И вдруг вне какой-то связи с предыдущим брякнул:

– Ты у Груши был?

Алеша опустил голову и даже закрыл глаза от затопившей его волны стыда:

– Был…

– Нет, Алешка, братец ты мой милый… Не осуждаю. Никого – и тебя тоже… Только как же и ты-то под Грушеньку мою угодил?.. Эх, верил я и надеялся – не съест она тебя, не изотрет между жерновов… Видно права поговорка: сыта свинья – а все жрет, коль баба есть – мужик … Ну, не мучься, не красней так – так горю не поможешь… Поглотила инфернальница… Знаешь, Алешка, а ведь она мученица. Настоящая, веришь ли – что настоящая? Для всех – баба дурная и гулящая, а для меня мученица, – я ведь знаю, что говорю. Мужичья мученица… Нет, мужская му… От мужиков… Фу – черт, сказать не могу. Слогом не владею. Необразован. Только знаю, что правда это. Расскажу тебе скоро. Вот мужества от подлости своей наберусь и расскажу. Я тебе много что расскажу… – он опять хлопнул из бутылки. – А я как спросил у Лизки твоей Смердяковской, где, мол, Алексей Федорович, так и все понял по ответу ее. «Papa, это она говорит, не комфортно дома (заметь, так и сказала – не комфортно), он и в других бывает местах обитания». И смотрит так – чисто по-смердяковски… Исподтишка, как он умел только… Мол, понял ли все, али еще надо что намекать. Да – порода Смердяковская…

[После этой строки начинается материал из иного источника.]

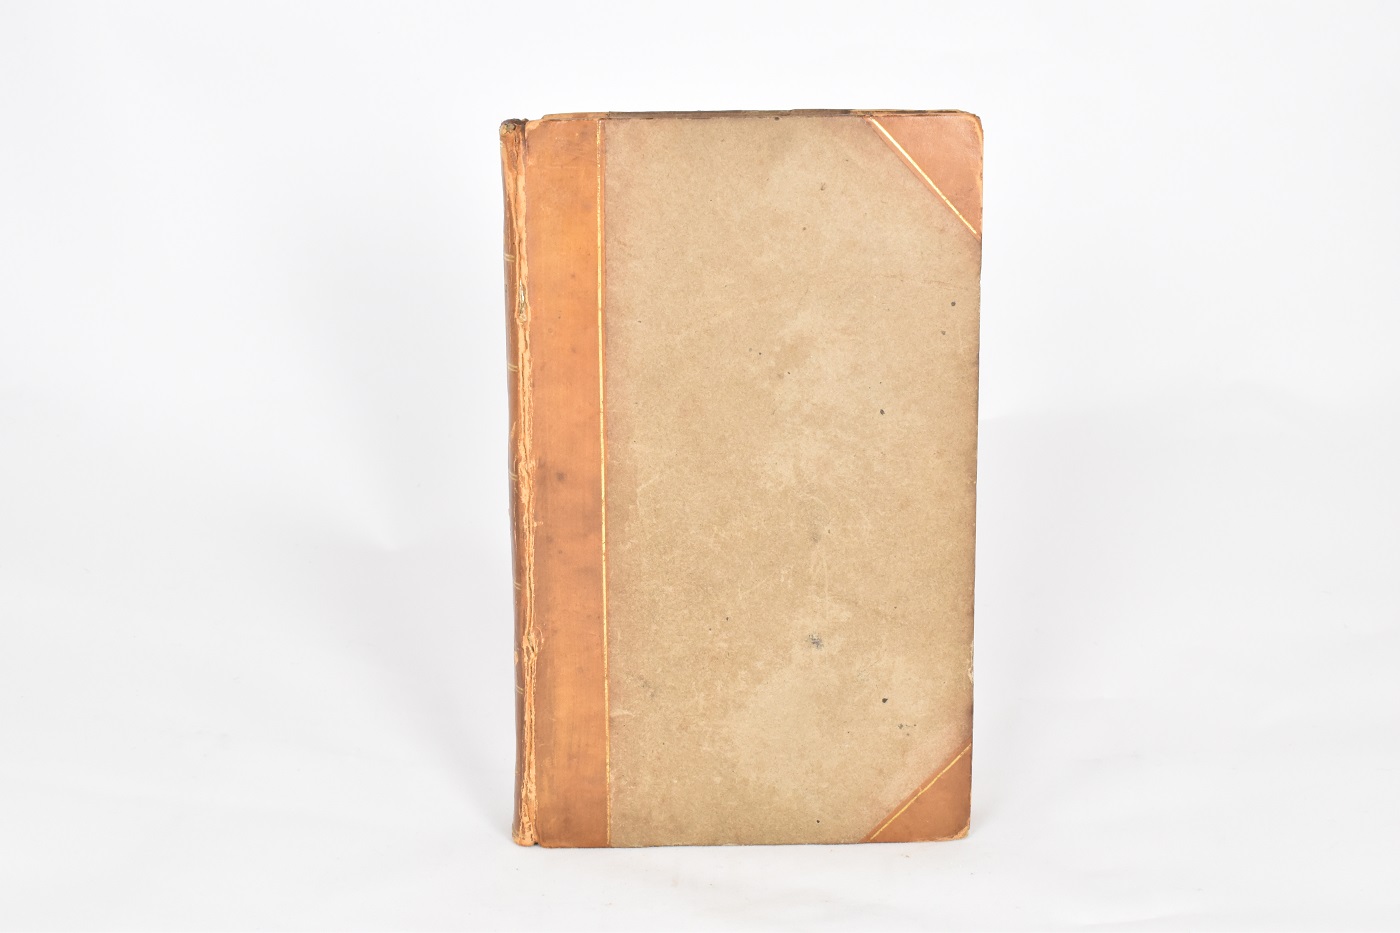 First edition of Mansfield Park published in May 1814. The front cover in plain drab boards.

– Она – не Смердякова, она – Карамазова, – с мучительной гримасой на лице, отрывисто сказал Алеша.

– Нет, Алешка, она – именно Смердякова. Поверь мне, и еще докажет это… Я как увидел ее – так и вздрогнул. Вроде не похожа снаружи, а взгляд… Ох, взгляд этот… смердяковский… Ты знаешь, снится он мне иногда.

– Кто? – Алеша вскинул голову, даже будто бы вздрогнул.

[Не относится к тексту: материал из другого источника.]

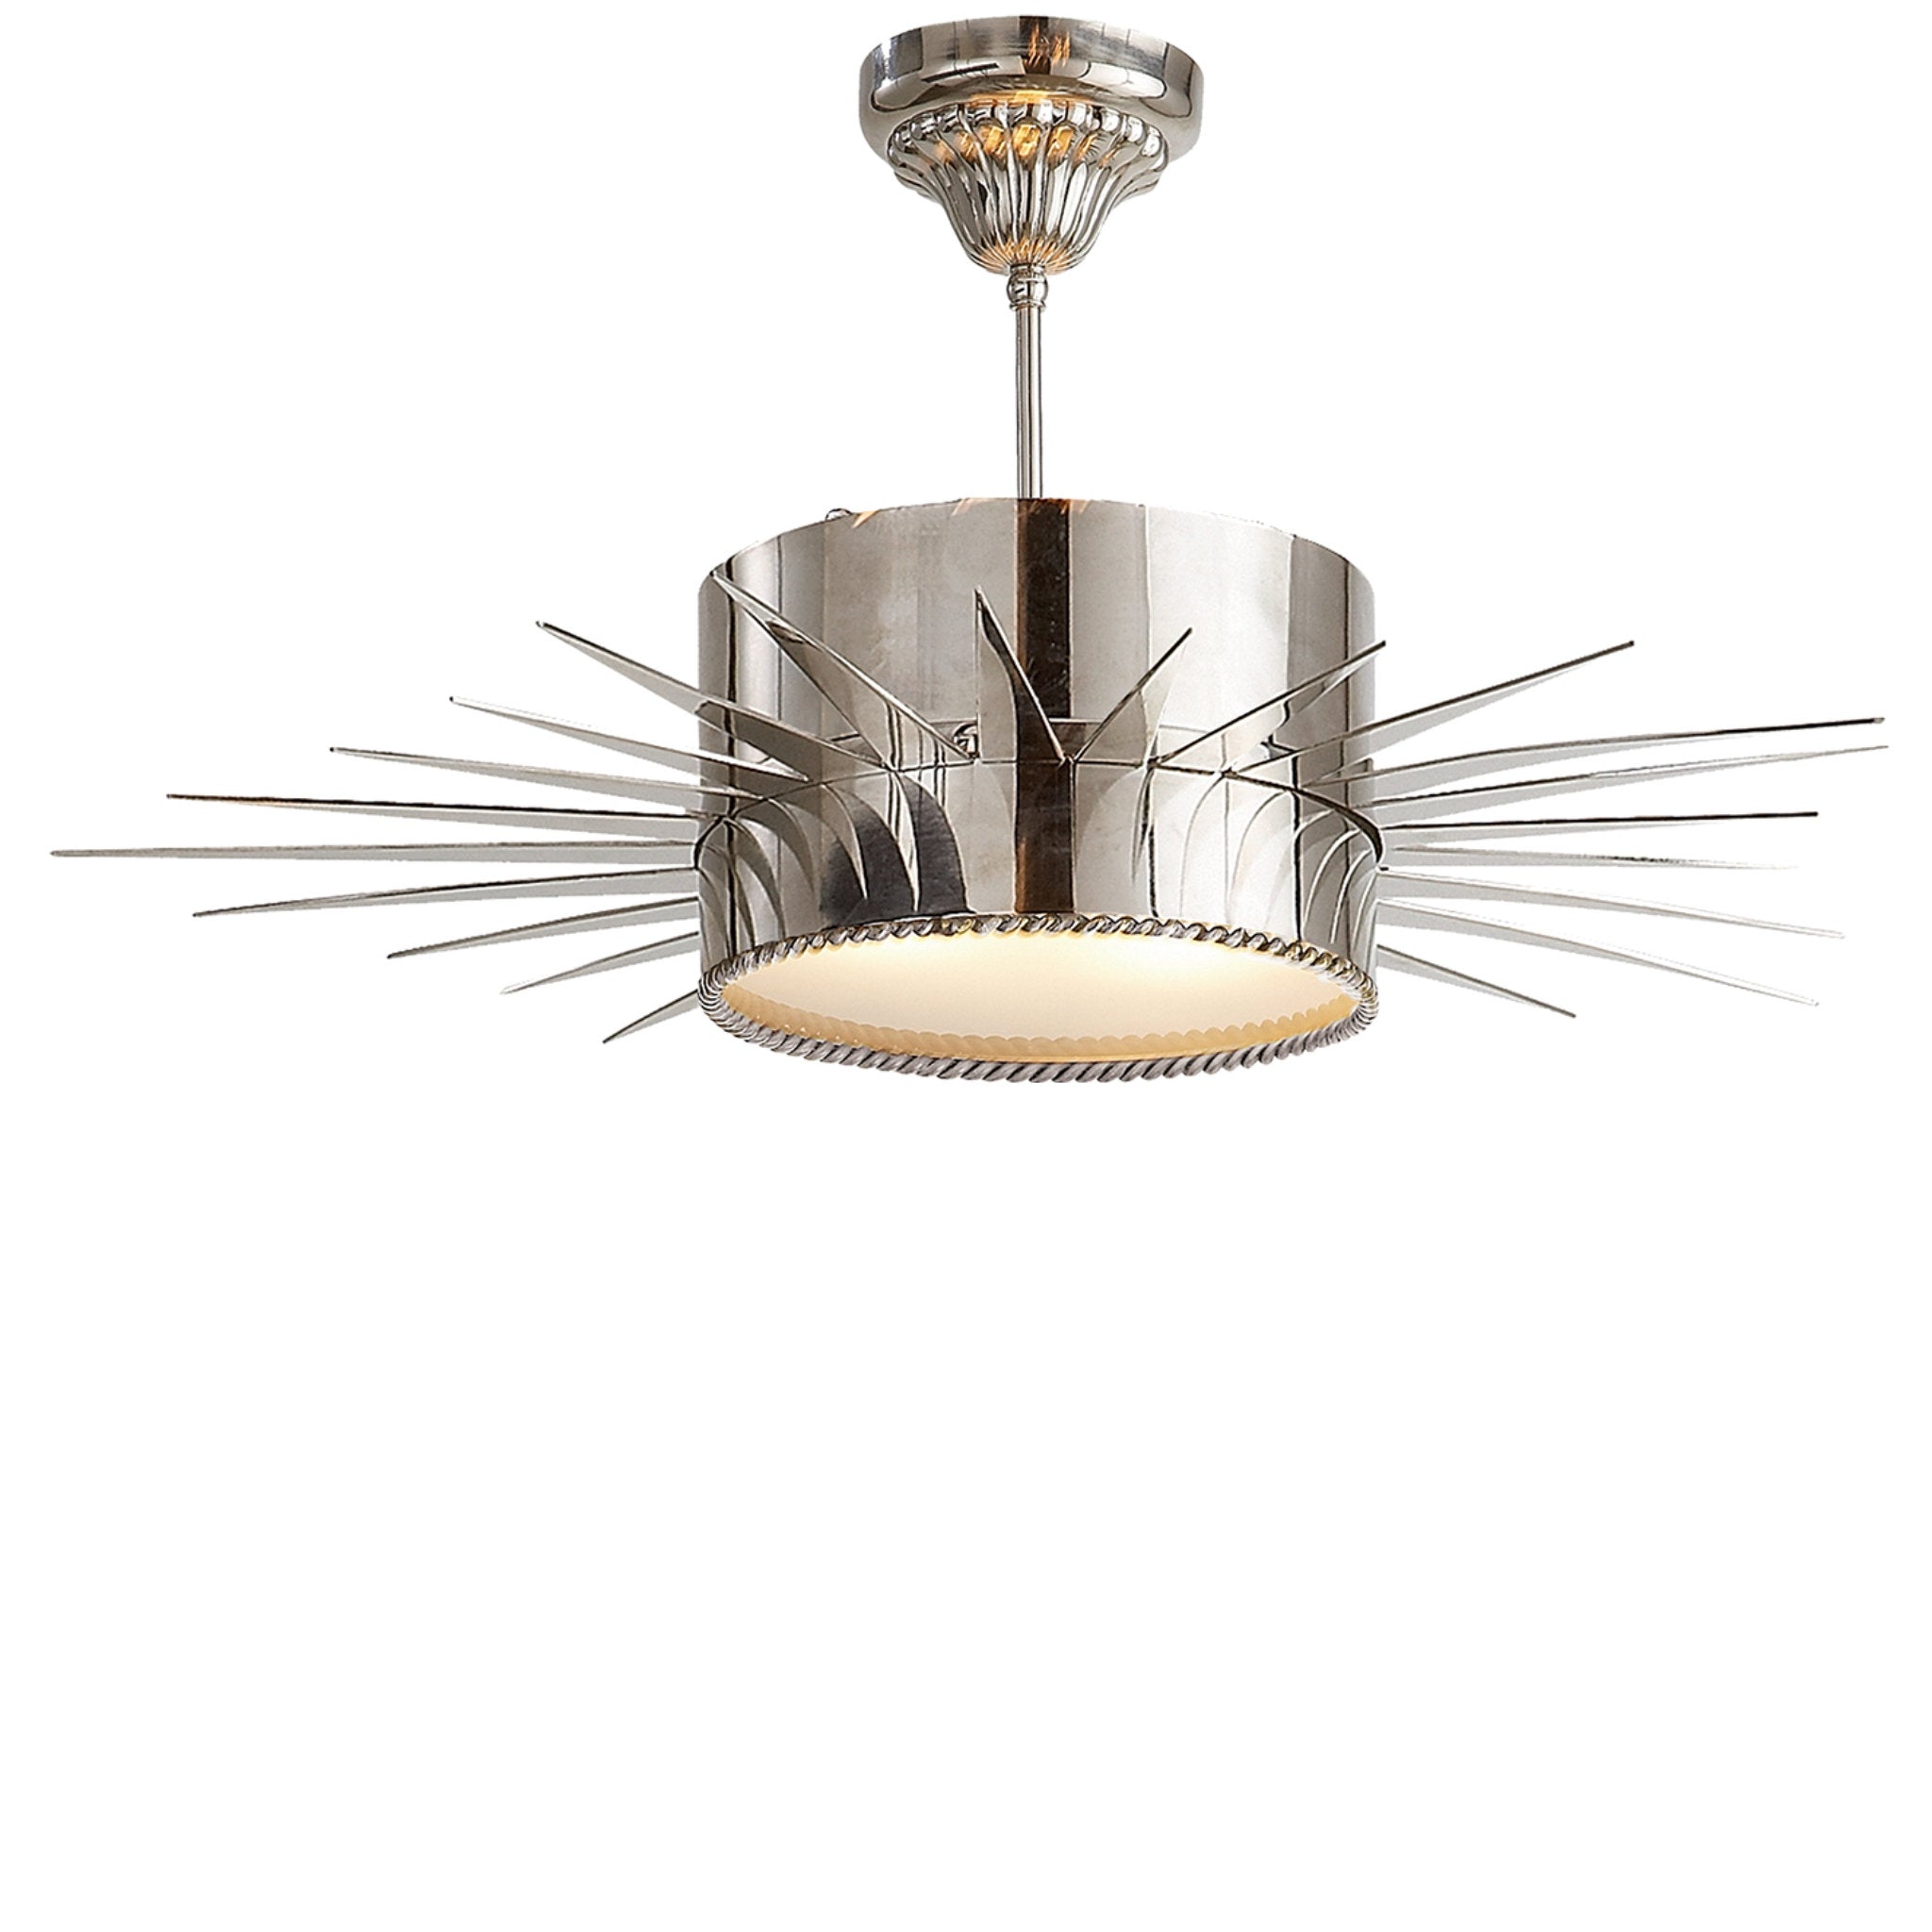 Suzanne Kasler Soleil Large Semi-Flush in Polished Nickel with Frosted Glass

– Смердяков, голубчик… Без иронии говорю, не юродствую…

– И что?

– Молчит больше – смотрит только. А смотрит хуже, чем говорит. Лучше бы уж матами обложил… Знает – и оттуда знает, как вымучить душу. Именно этим своим молчанием… Не осуждаю, не осуждаю – ибо достоин… И страшно, страшно мне, оттого, что догадываюсь… Догадываюсь, что сказать хочет.

Алеша на этот раз молча и тоже как с некоторым испугом вопросительно качнул головой.

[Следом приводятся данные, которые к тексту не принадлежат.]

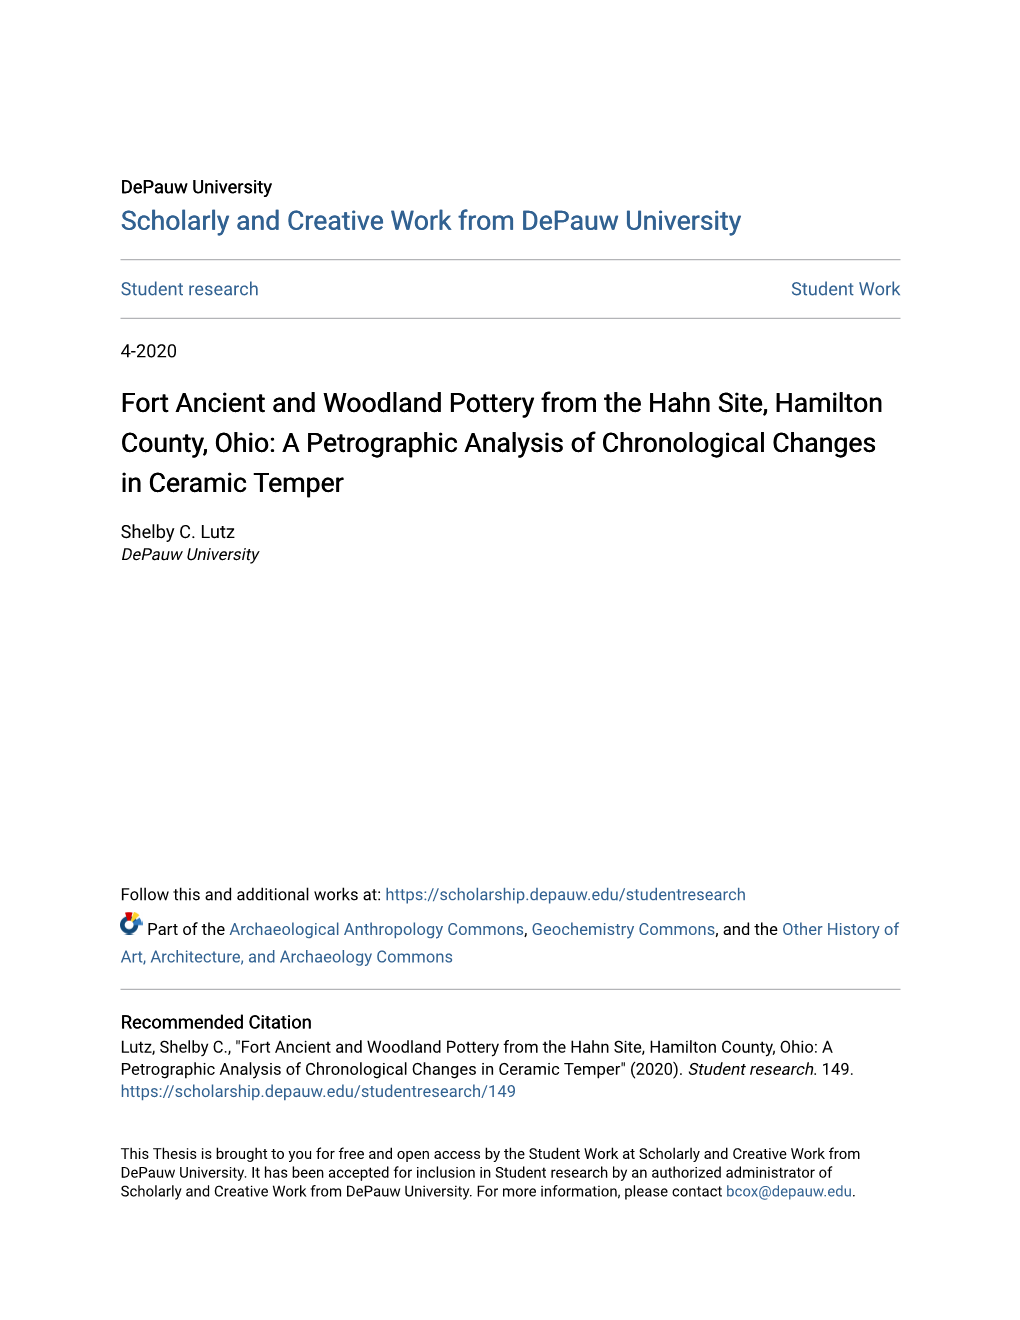 Fort Ancient and Woodland Pottery from the Hahn Site, Hamilton County, Ohio: a Petrographic Analysis of Chronological Changes in Ceramic Temper

– Не любили мы его, понимаешь – не любили… За банную мокроту и курицу считали… Не любили. Как бы и не замечали вовсе – так маячит рядом какое-то недоразумение. Пользовали только его каждый по-своему. Да – не любили…

– Да и за что любить-то было? – едва слышно прошептал Алеша, опустив глаза.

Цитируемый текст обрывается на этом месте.